Scaling Genetic Data Analysis with Apache Spark

Slides PDF Video

In 2001, it cost ~$100M to sequence a single human genome. In 2014, due to dramatic improvements in sequencing technology far outpacing Moore’s law, we entered the era of the $1,000 genome. At the same time, the power of genetics to impact medicine has become evident: for example, drugs with supporting genetic evidence have twice the clinical trial success rate. These factors have led to an explosion in the volume of genetic data, in the face of which existing analysis tools are breaking down.

Therefore, we began the open-source Hail project ( to be a scalable platform built on Apache Spark to enable the worldwide genetics community to build, share, and apply new tools. Hail is focused on variant-level (post-read) data; querying genetic data, annotations and sample data; and performing rare and common variant association analyses. Hail has already been used to analyze datasets with hundreds of thousands of exomes and tens of thousands of whole genomes.

We will give an overview of the goals of the Hail project and its architecture. The challenge of efficiently manipulating genetic data in Spark has led to several innovations that may have wider applicability, including an RDD-like abstraction for representing multidimensional data and an OrderedRDD abstraction for ordered data, (for example, data indexed by position in the genome). Finally, we will discuss Hail performance and future directions.
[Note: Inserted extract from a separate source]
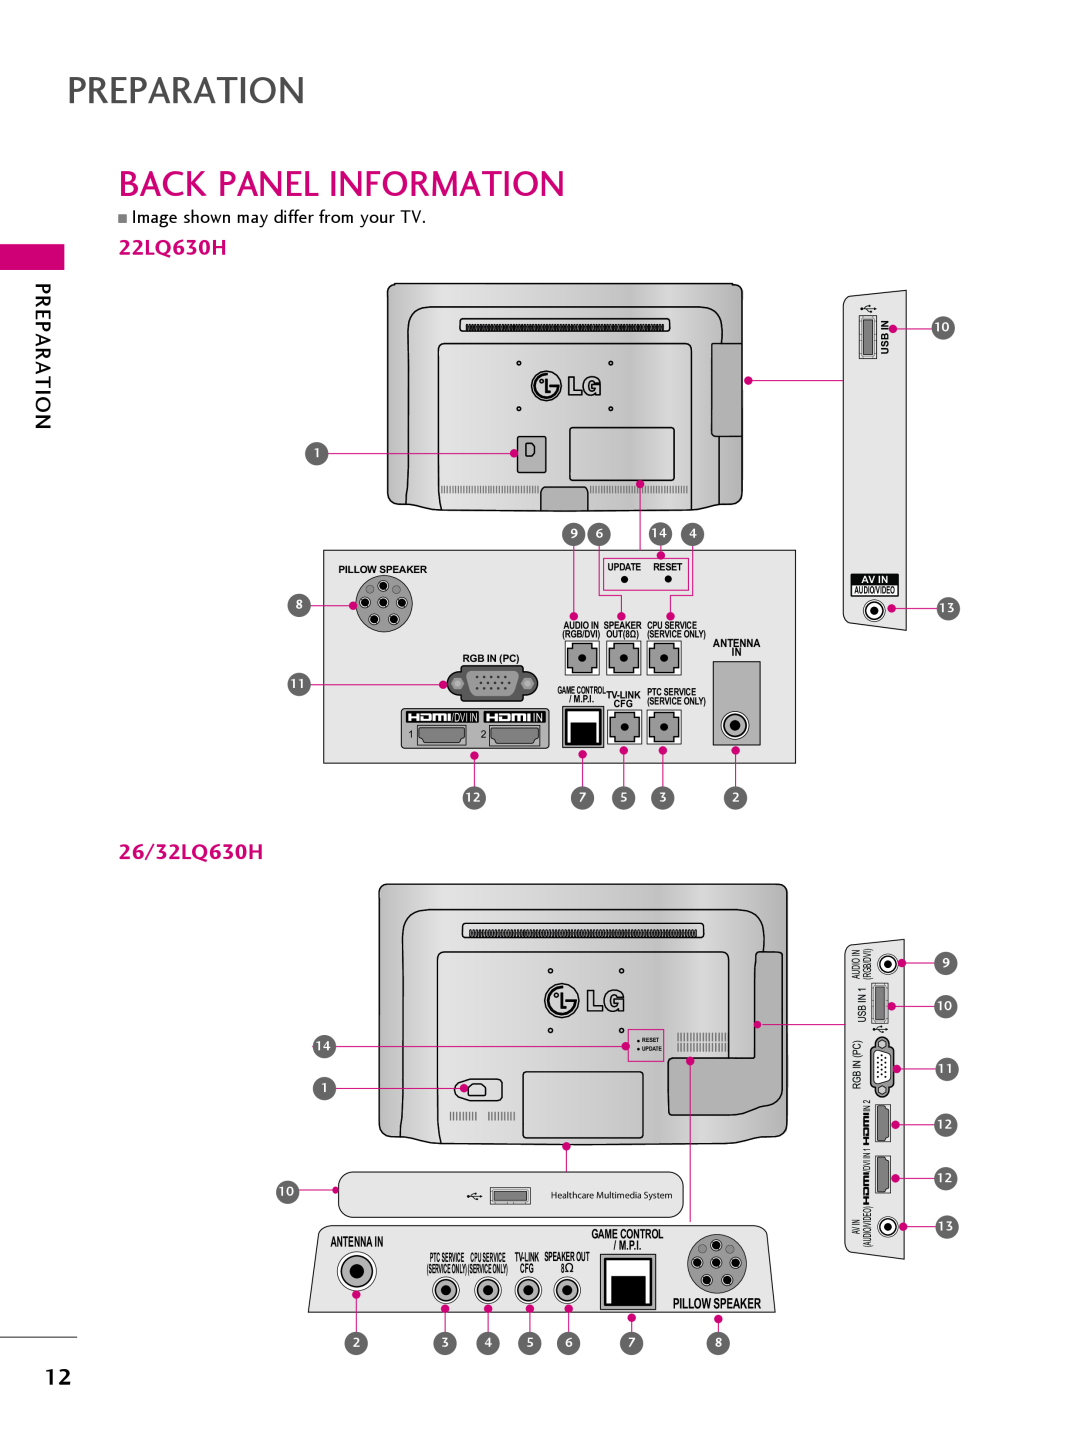 LG Electronics Back Panel Information, Preparation, 22LQ630H, 26/32LQ630H, Dvi In, Pillow Speaker, Update, Reset, Av In

Cotton Seed, Sr. Principal Software Engineer at Broad Institute of MIT and Harvard

About Cotton

Cotton Seed is a Sr. Principal Software Engineer and leader of the Hail team at the Broad Institute of MIT and Harvard. Prior to joining the Broad, he did a PhD in Mathematics at Princeton University and spent over a decade building high-performance computing systems with a focus on advanced compiler technology at Connected Components Corp, Intel, and Reservoir Labs, among others.